Posted on Jan 13, 2014

On the edge of the city of Chiang Mai is a mountain named Doi Suthep. At the top, overlooking the city is the temple of Wat Prathat Doi Suthep, a site which is very sacred to Buddhists. We hired a moped for the day at set off for the temple. The ride to the temple was pretty easy going, a wide but windy road leads to the temple which is surrounded by the usual food stalls and Buddhist memorabilia tat shops. I had a curry sausage for lunch, mostly fat and a punnet of strawberries. Annemarie had a few mouthfuls of fatty sausage and decided she didn’t like it. We found her some pork skewers, slightly less fatty but tasty. And half a pineapple for pudding. We then ascended the 300 steps to the temple. At the centre of the temple is a 16m golden stupa. In the bright sunlight the stupa was glistening and was an impressive sight. After the temple we headed for the summit. In hindsight we shouldn’t have! The road narrowed to the width of one car, with a steep uphill slope on one side and steep downhill slope on the other. Unfortunately, the road was two way, with no traffic management.
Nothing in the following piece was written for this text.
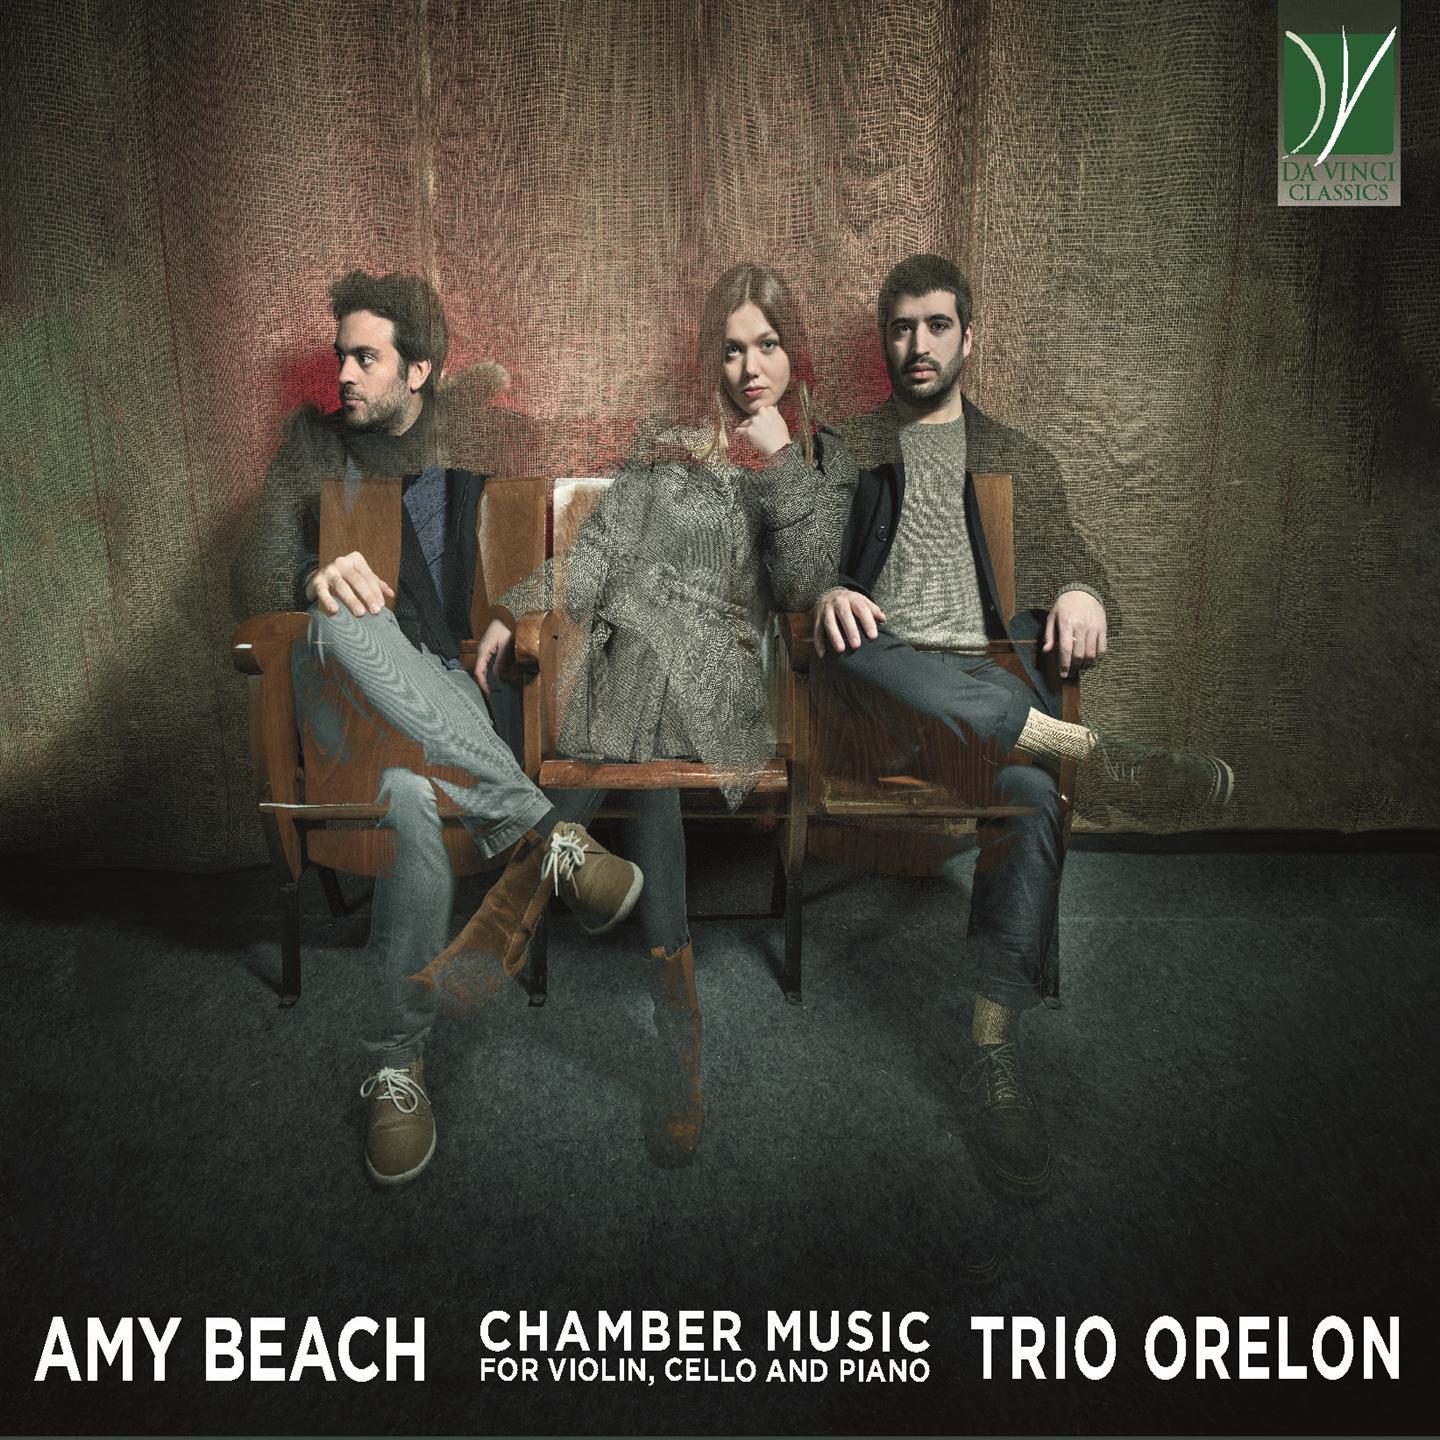 AMY BEACH: CHAMBER MUSIC FOR VIOLIN, CELLO AND PIANO

This resulted in huge amounts of traffic as cars attempted to pass each other in the few places where there was enough soil at the side of the road to fit about half a car. We crawled up the hill at snails pace to find there wasn’t a viewpoint, or even a nice cafe! We decided we would walk around the gardens of the Bhubing Palace, located halfway between the temple and the summit. Visitors are allowed when the Royal family isn’t present and according to our information was open for a few more hours. Riding back down to the palace was almost as bad as coming up. Despite it been turned 3pm and there been nothing at the top of the hill the road was still packed with cars trying to come up. It took an age to get back down. By the time we reached the palace it was about 3:30 and although we had read it was open until 4:30 it was closed for new visitors. With nothing else to do in the park we rode back to town. Posted from Chiang Mai, Chiang Mai,...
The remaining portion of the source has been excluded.